Sport/Motorsport

Gerhard Berger: "Wir fuhren uns ständig in die Räder"

Er sitzt nicht einmal auf dem Weg zur Rennstrecke hinter dem Steuer, dennoch ist er die größte Attraktion des DTM-Wochenendes auf dem Nürnberger Stadtkurs. Eine halbe Stunde harrt ein Fan geduldig aus, dann ist dieses Interview zu Ende und Gerhard Berger hat Zeit, den Modellrennwagen zu signieren. Seit heuer ist der Ex-Formel-1-Pilot Chef des Deutschen Tourenwagen Masters.

KURIER: Herr Berger, Sie sind seit drei Monaten der neue Vorsitzende der DTM. Wie fällt die Zwischenbilanz aus?

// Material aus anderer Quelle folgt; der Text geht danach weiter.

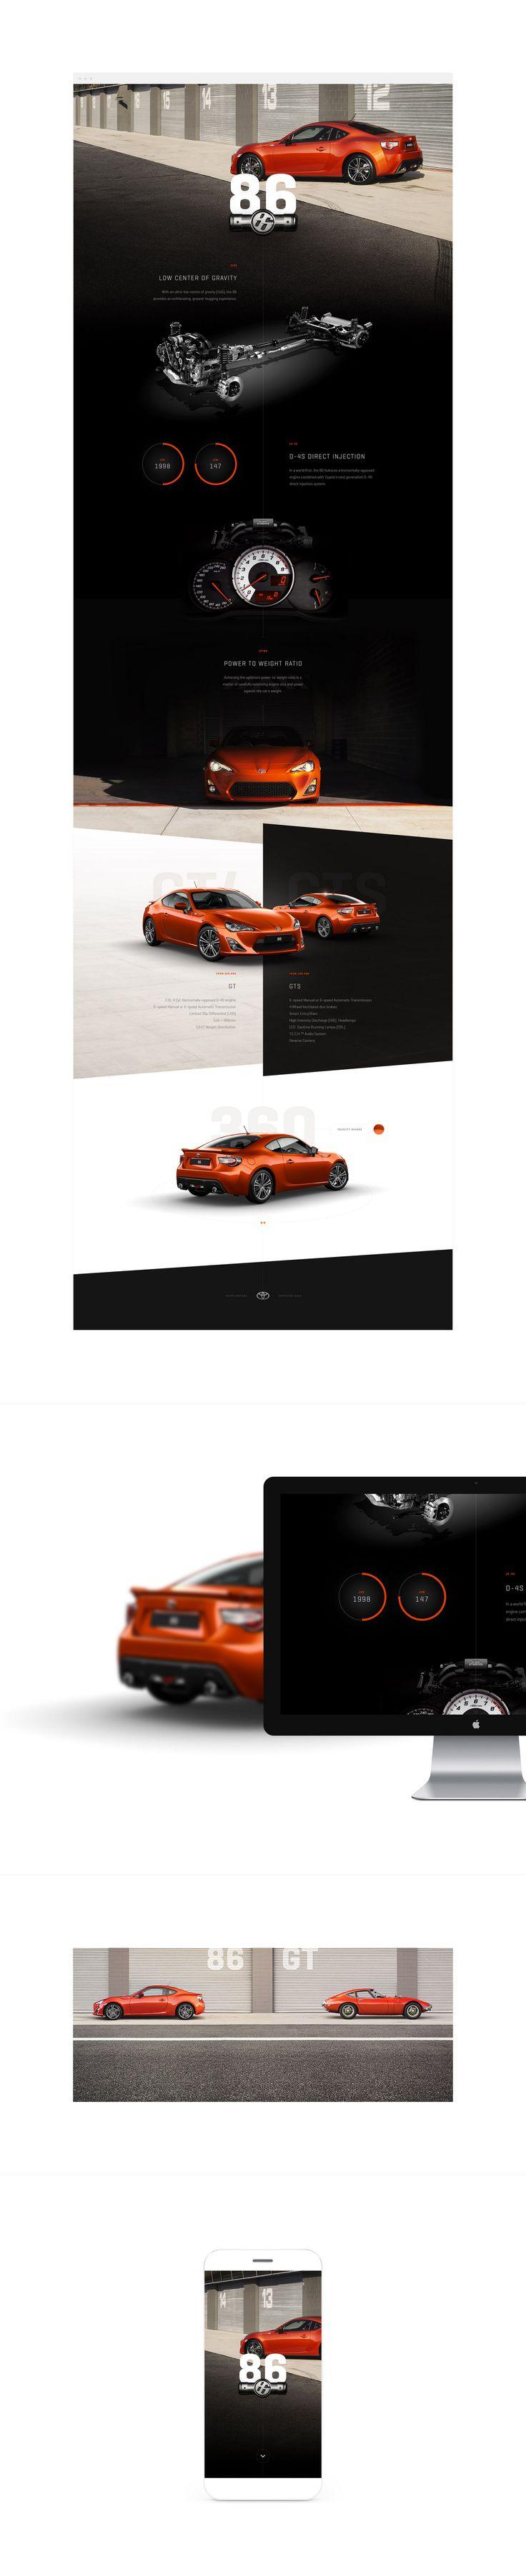 Toyota 86 Web Design, Website UX / UI - Twofold.com

Gerhard Berger: Vier Rennen waren superspannend, so, wie ich mir optimalen Rennsport vorstelle. Die zwei anderen waren okay. Mein Blick ist sehr kritisch, der Anspruch ist hoch. Man muss aber aufpassen, dass man den Motorsport nicht um jeden Preis attraktiver und abwechslungsreicher macht. Die DTM muss sich nicht neu erfinden, sondern verbessern. Das ist mein Ansatz.

Die DTM-Fahrer zeigen sich erfreut, dass Sie ihnen genau zuhören. Sind die Piloten der Schlüssel?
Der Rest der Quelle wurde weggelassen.